> Exercise:
Below are the records; extract from them the line containing "Balenciaga Clothing T-Shirt" to the line containing "Black Doodle White", both lines included, exactly and with no pictures.

> Extracted data:
# # # #

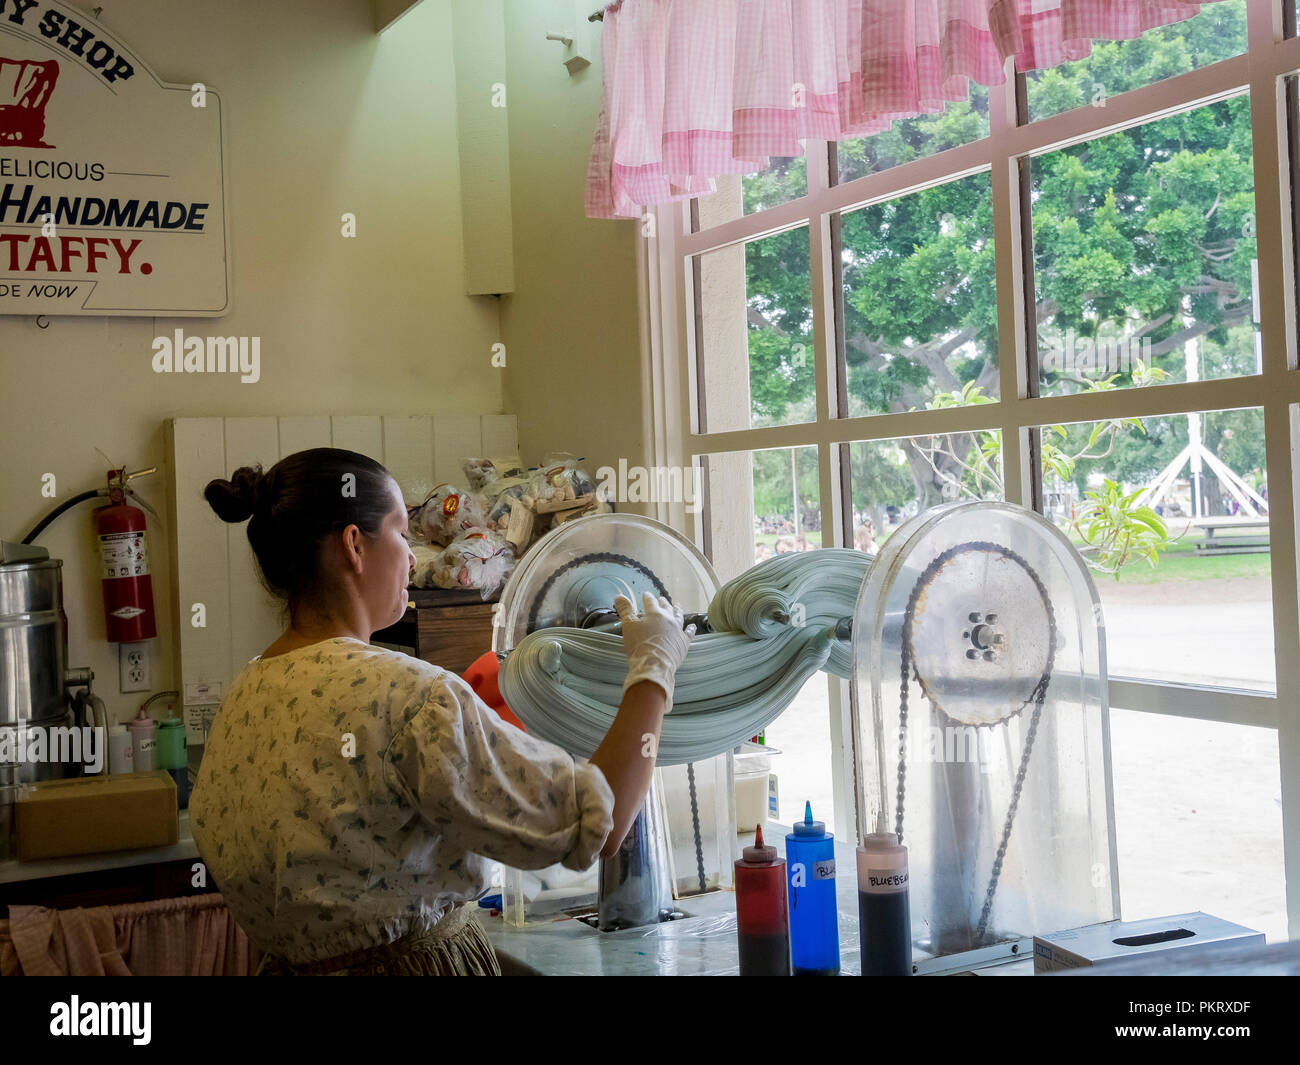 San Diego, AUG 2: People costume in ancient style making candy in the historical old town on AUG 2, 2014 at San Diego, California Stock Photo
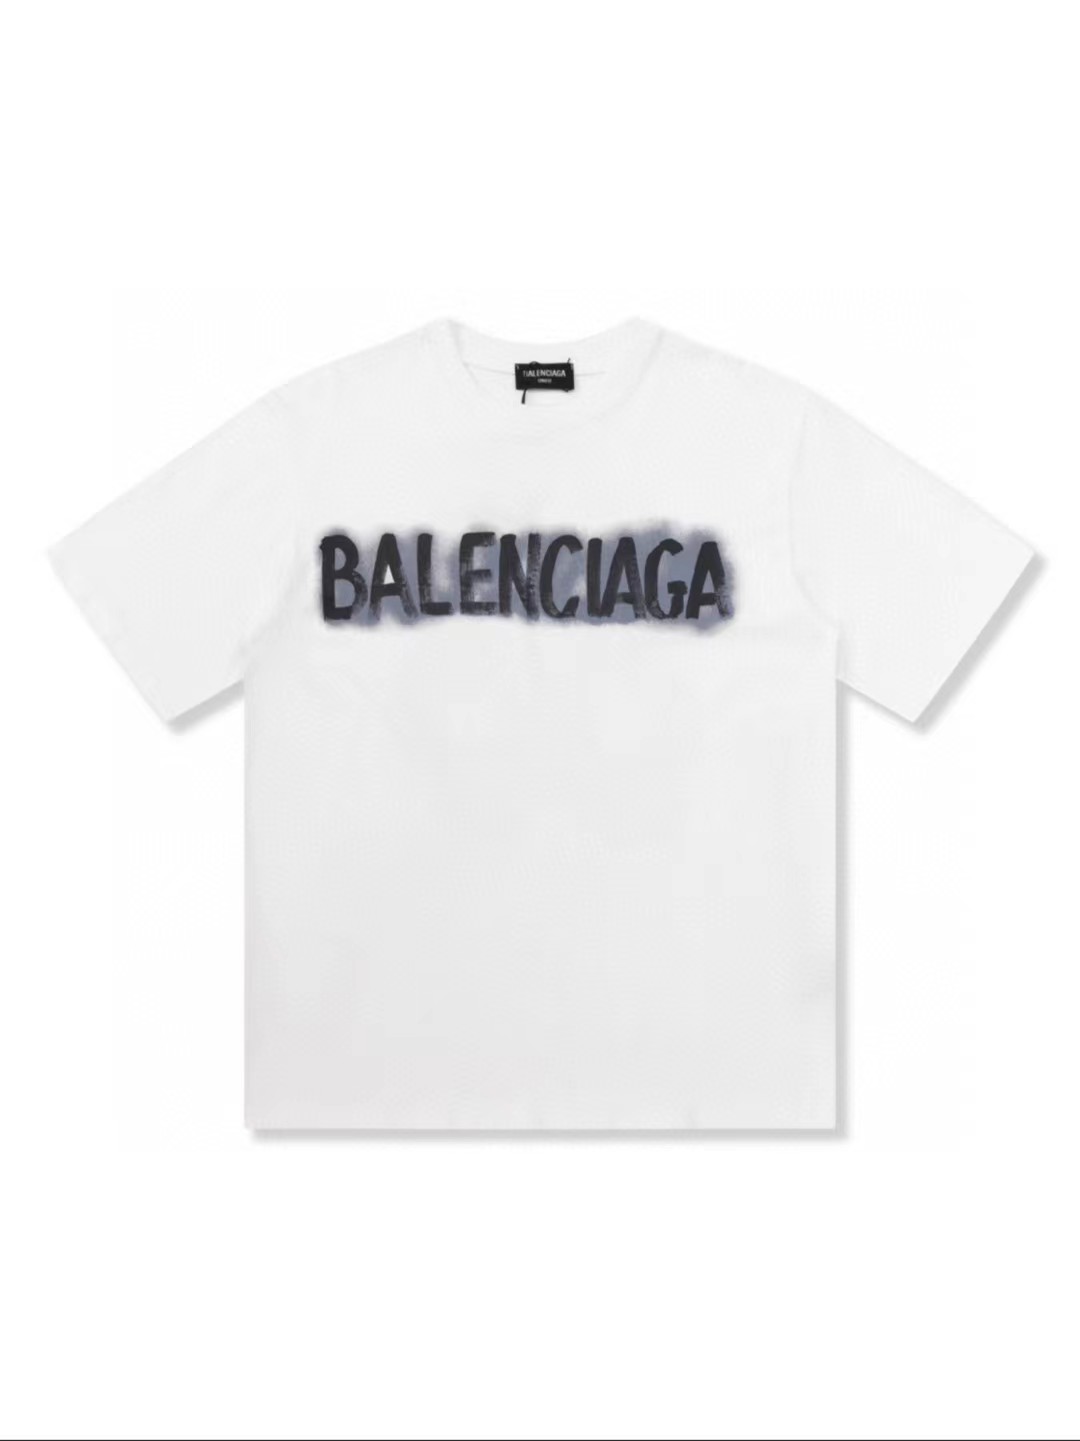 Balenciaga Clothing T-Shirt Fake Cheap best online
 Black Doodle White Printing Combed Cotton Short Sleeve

# # # #

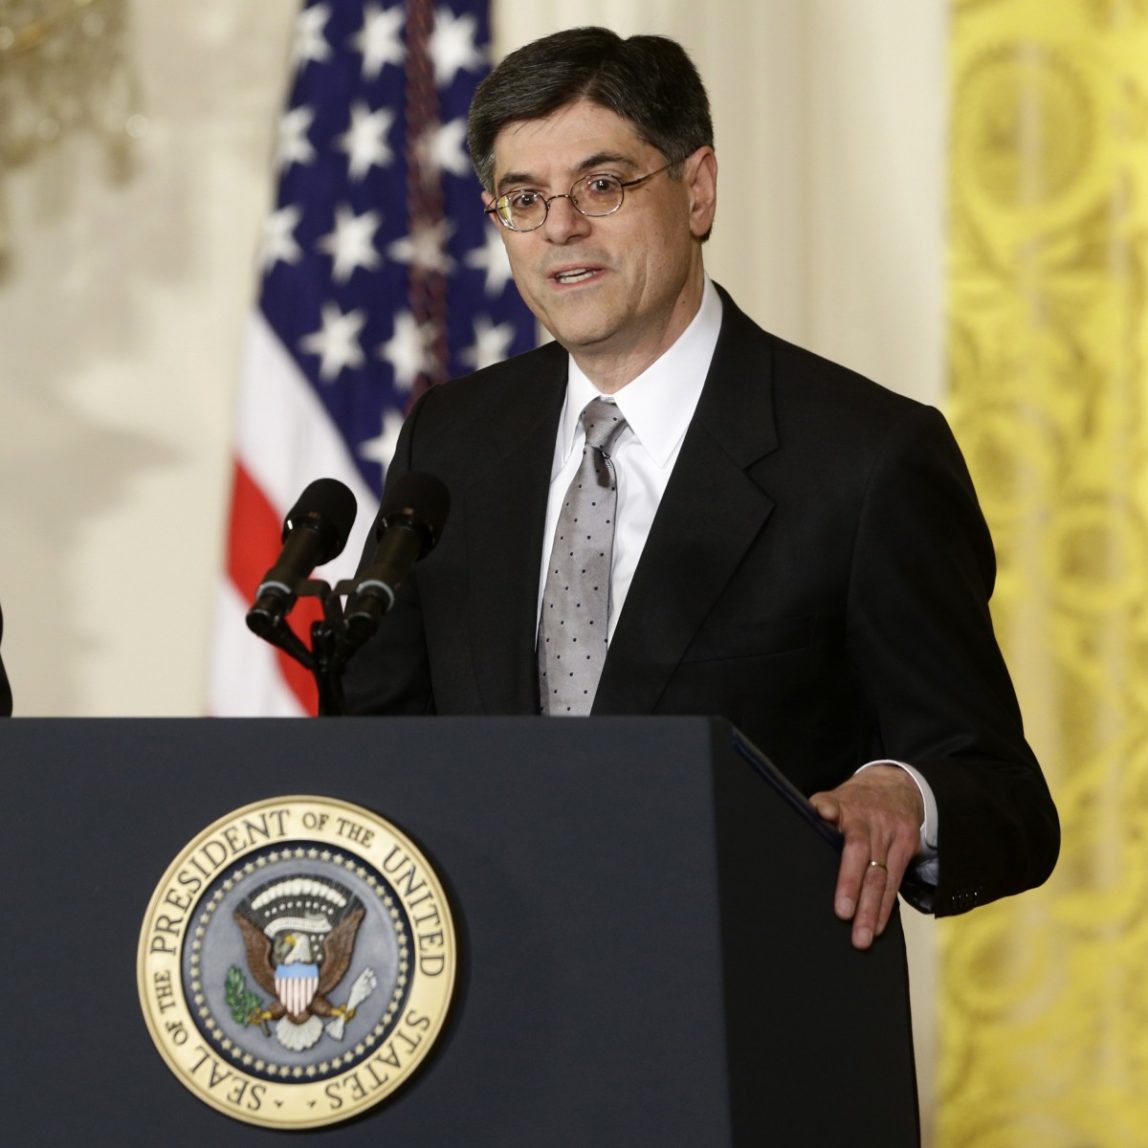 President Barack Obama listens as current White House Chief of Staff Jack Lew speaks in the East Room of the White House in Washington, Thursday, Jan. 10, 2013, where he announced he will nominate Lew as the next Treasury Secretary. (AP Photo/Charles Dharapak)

# # # #

> Exercise output:
 Balenciaga Clothing T-Shirt Fake Cheap best online
 Black Doodle White Printing Combed Cotton Short Sleeve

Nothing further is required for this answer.